THE TASK: Where a picture shows up in the listing below, omit it and output the rest exactly.

DATASET EXCERPT:
━━━━━━━━━━━━━━━━━━━━━━━━━━━━━━

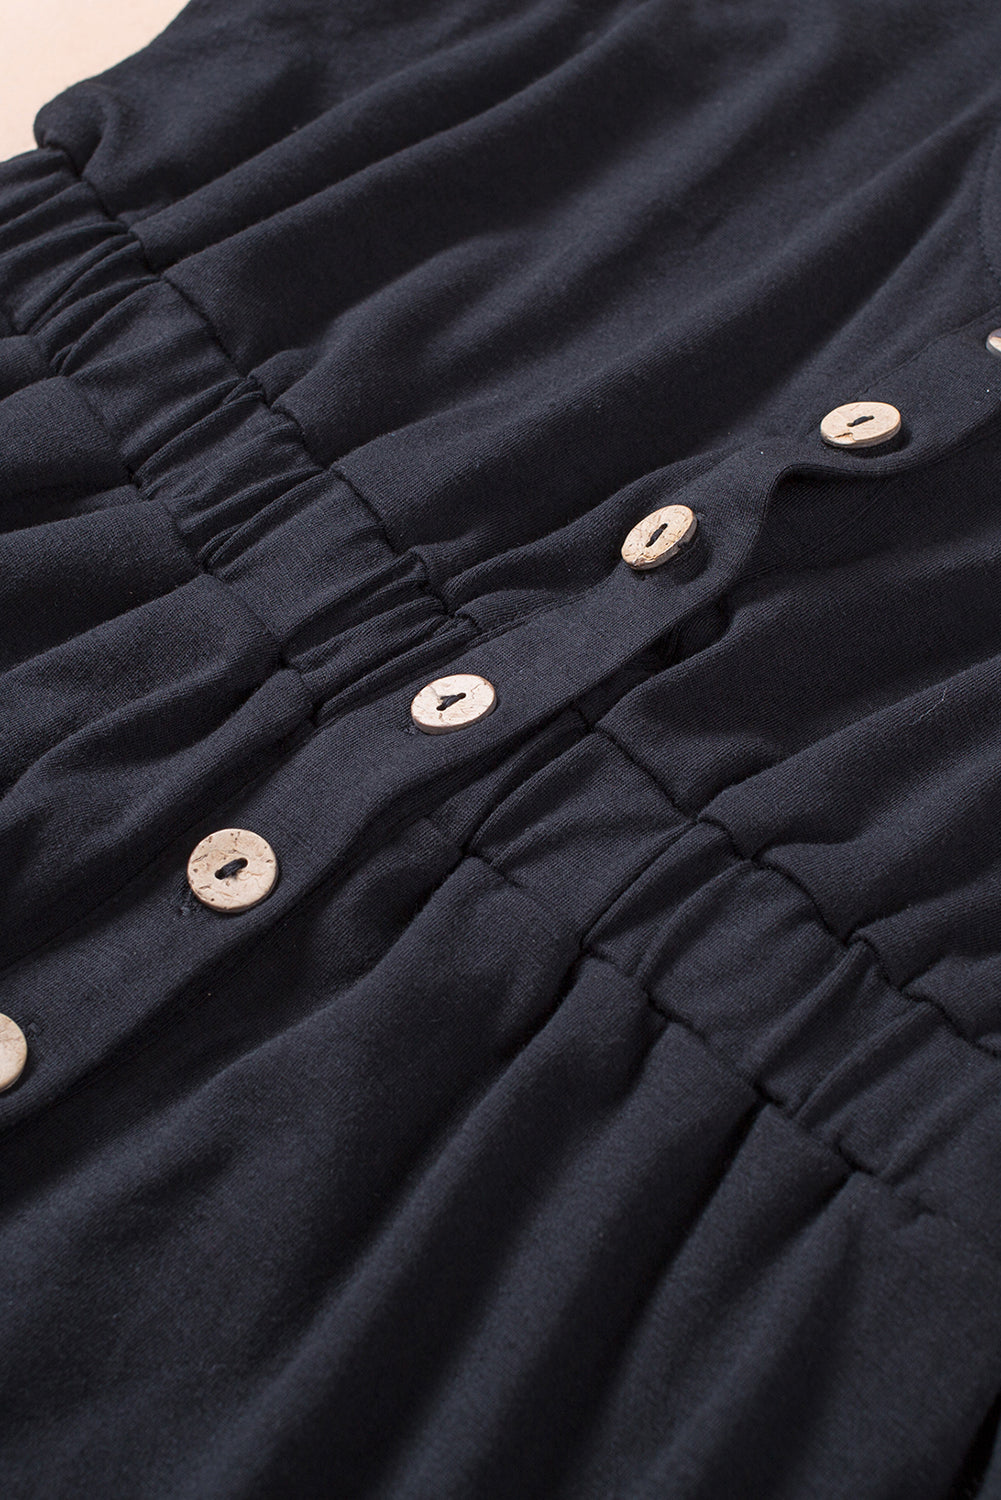 Button Front Shirred Waist Casual Tank Summer Black Dress
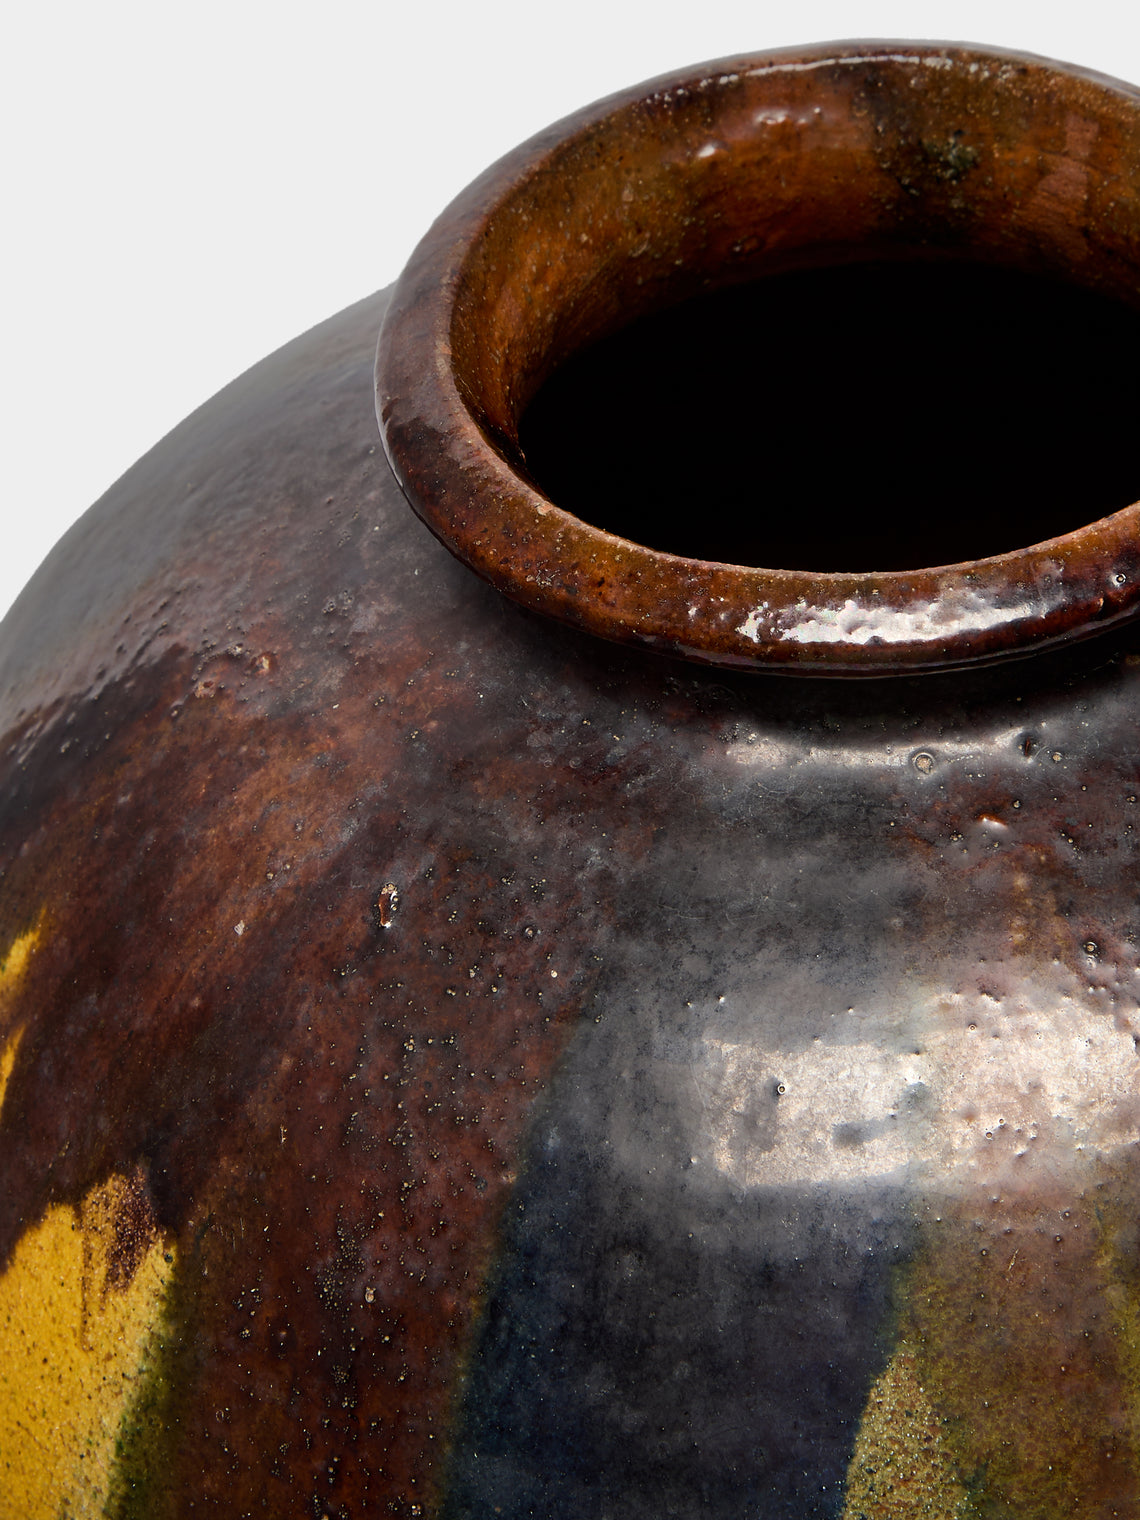 Antique and Vintage - 1950s French Ceramic Vase -  - ABASK
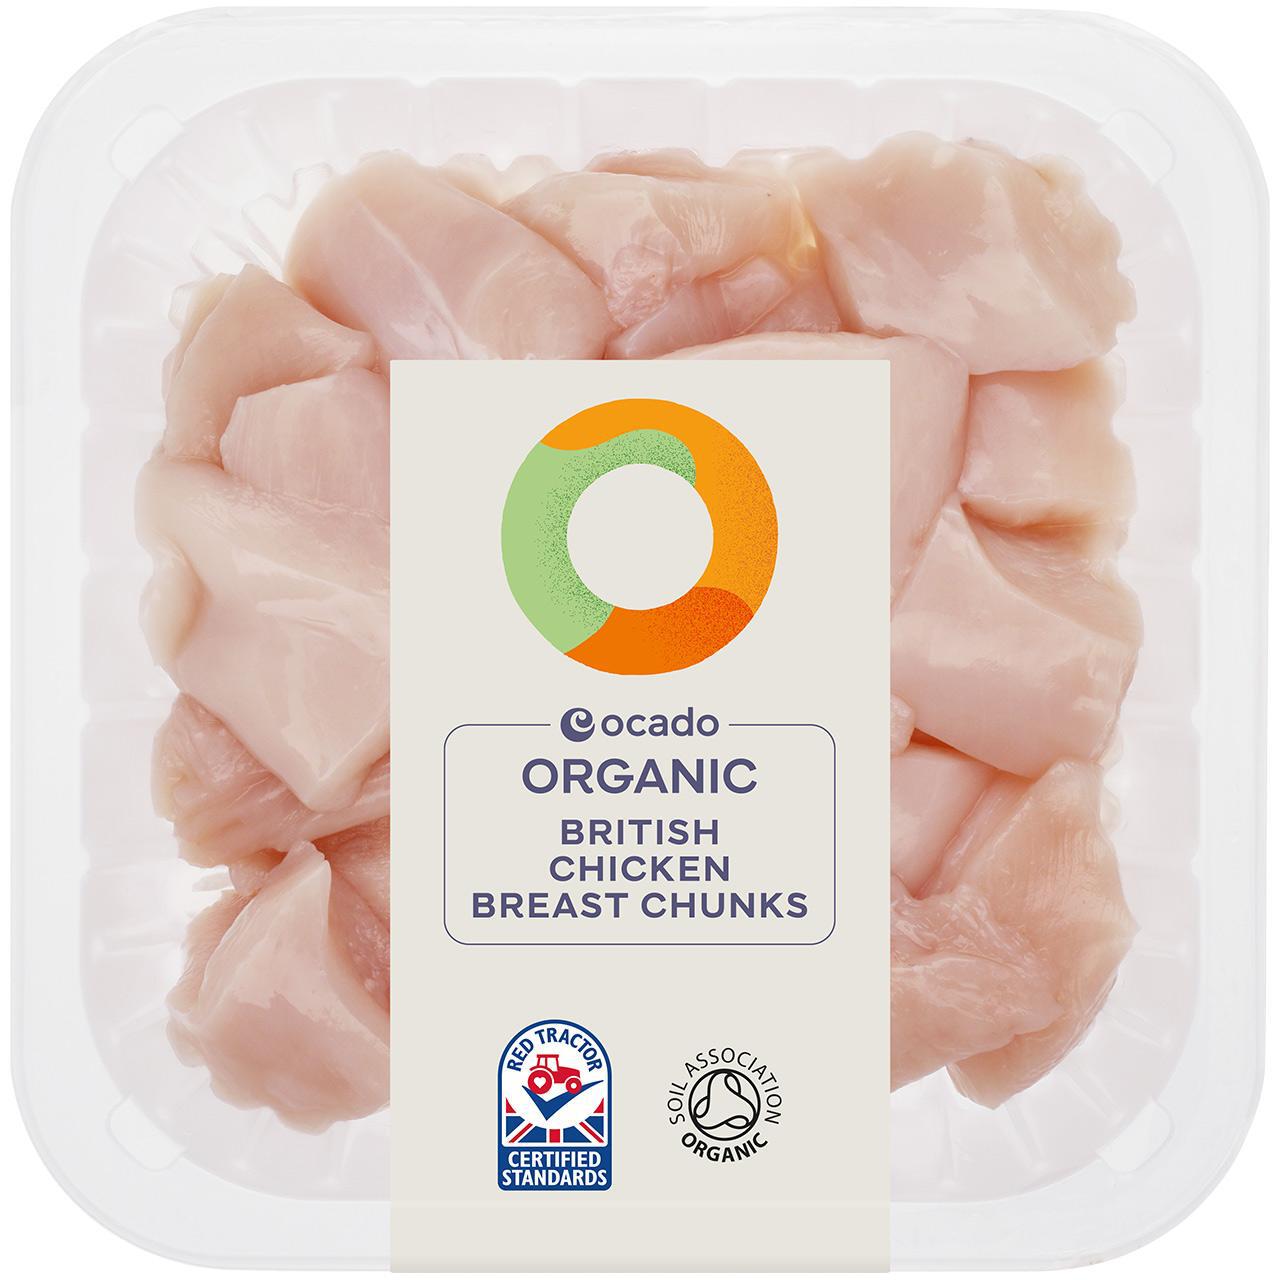 Ocado Organic Free Range Chicken Breast Chunks 350g

━━━━━━━━━━━━━━━━━━━━━━━━━━━━━━

SOLVED PROBLEM:
 Button Front Shirred Waist Casual Tank Summer Black Dress
 Antique and Vintage - 1950s French Ceramic Vase -  - ABASK
 Ocado Organic Free Range Chicken Breast Chunks 350g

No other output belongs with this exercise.